Con queste premesse, era difficile attendersi che i croati accogliessero Vucic a braccia aperte, tanto più che Vucic non ha mai rinnegato le sue idee del passato né si è mai scusato per averle espresse. Nonostante il maldestro invito della Grabar-Kitarovic ai media croati di non porre a Vucic domande sul suo passato, c’è chi gli ha chiesto conto del suo discorso di Glina del 1995. Per tutta risposta, il presidente serbo ha dichiarato: “Non aspettatevi da me che mi umili fino a questo punto».
Al di là quindi delle cortesie protocollari e del rituale invito di Vucic alla presidente croata di visitare Belgrado nel prossimo futuro, questo incontro non ha registrato il benché minimo progresso sugli scottanti problemi tra i due Paesi.

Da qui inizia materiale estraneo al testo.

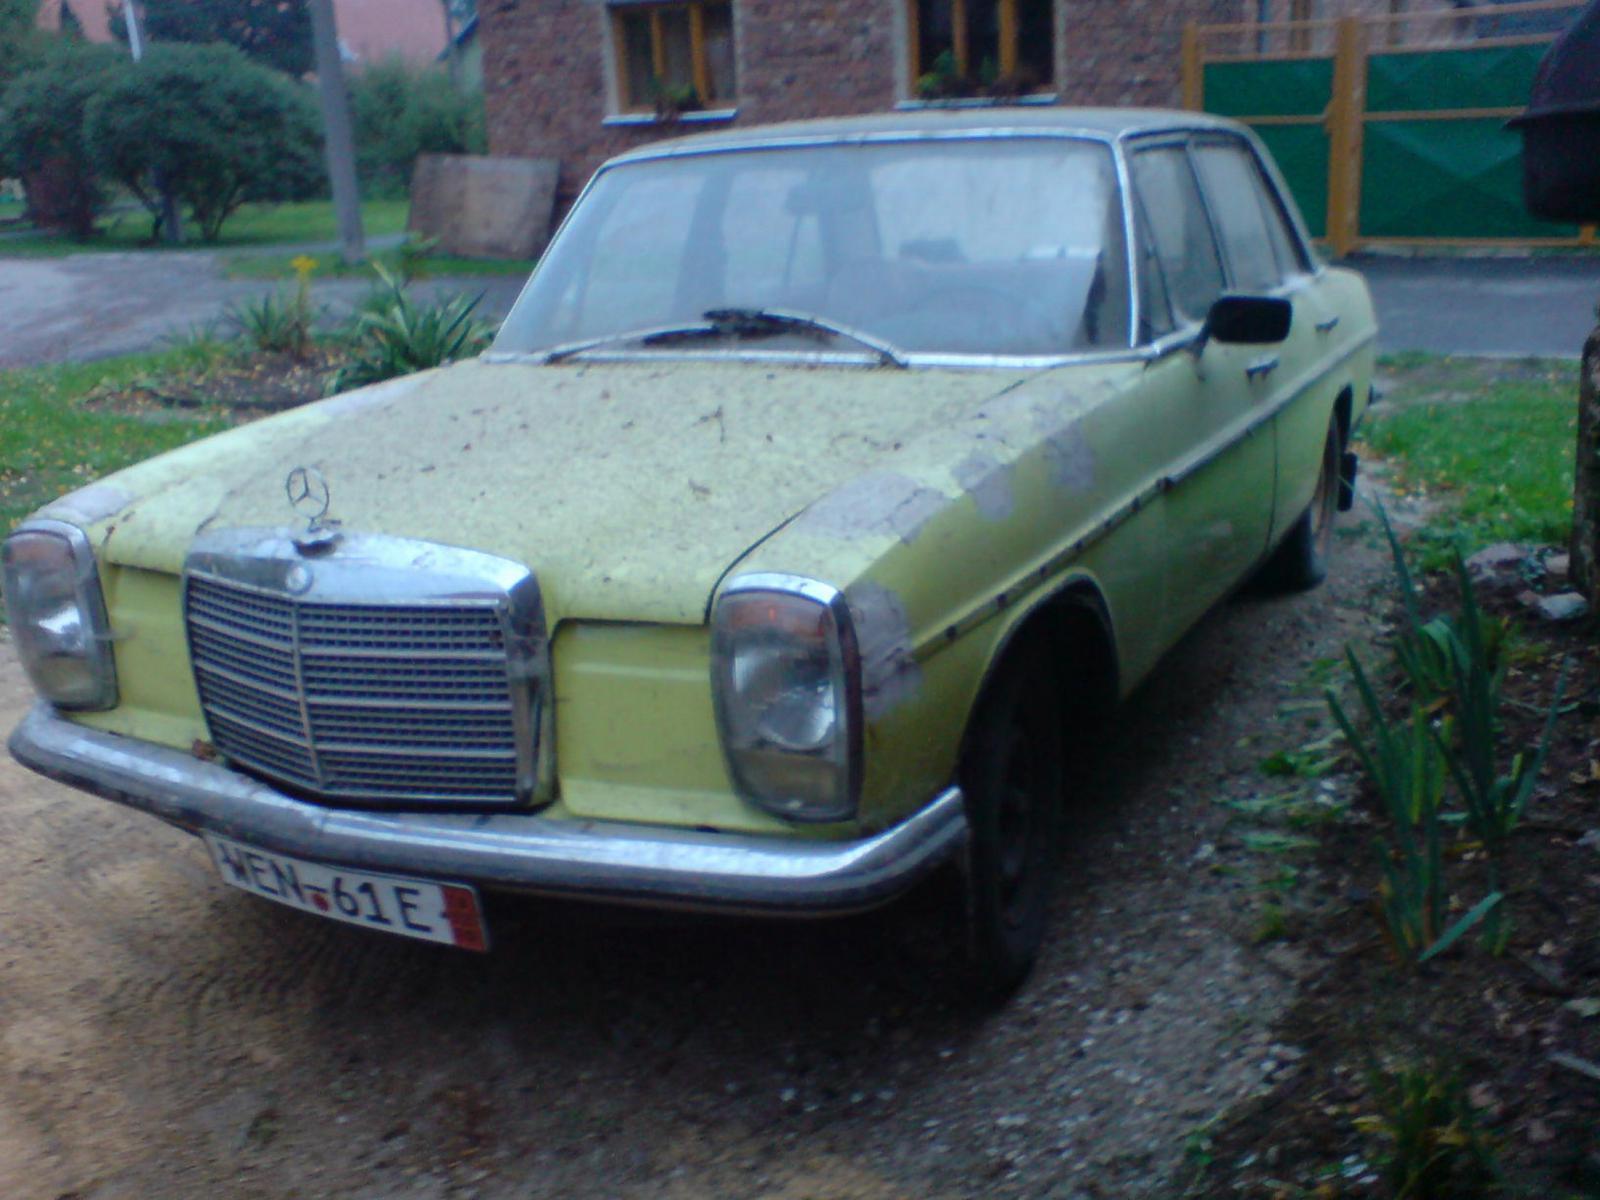 1970 Mercedes Benz W114/115 W

Il Presidente serbo ha restituito un registro parrocchiale della parrocchia cattolica di Gvozd rubato nel 1995 dai miliziani serbi in fuga dinanzi all’attacco dell’esercito croato, ha portato con sé i dati relativi a tre croati scomparsi al tempo della guerra, mentre sugli altri millecinquecento non ha ancora alcuna notizia sebbene, come egli stesso ha affermato, questi dati sono disponibili. Al contrario, gli archivi dell’ex esercito regolare jugoslavo, la JNA, continuano invece a essere chiusi alle autorità croate che indagano sui massacri commessi durante la guerra degli anni novanta. Sul problema dei risarcimenti di guerra, problema sollevato dal primo ministro croato Plenkovic, verrà invece formata una commissione mista che difficilmente giungerà a un accordo. Insomma, il nulla assoluto.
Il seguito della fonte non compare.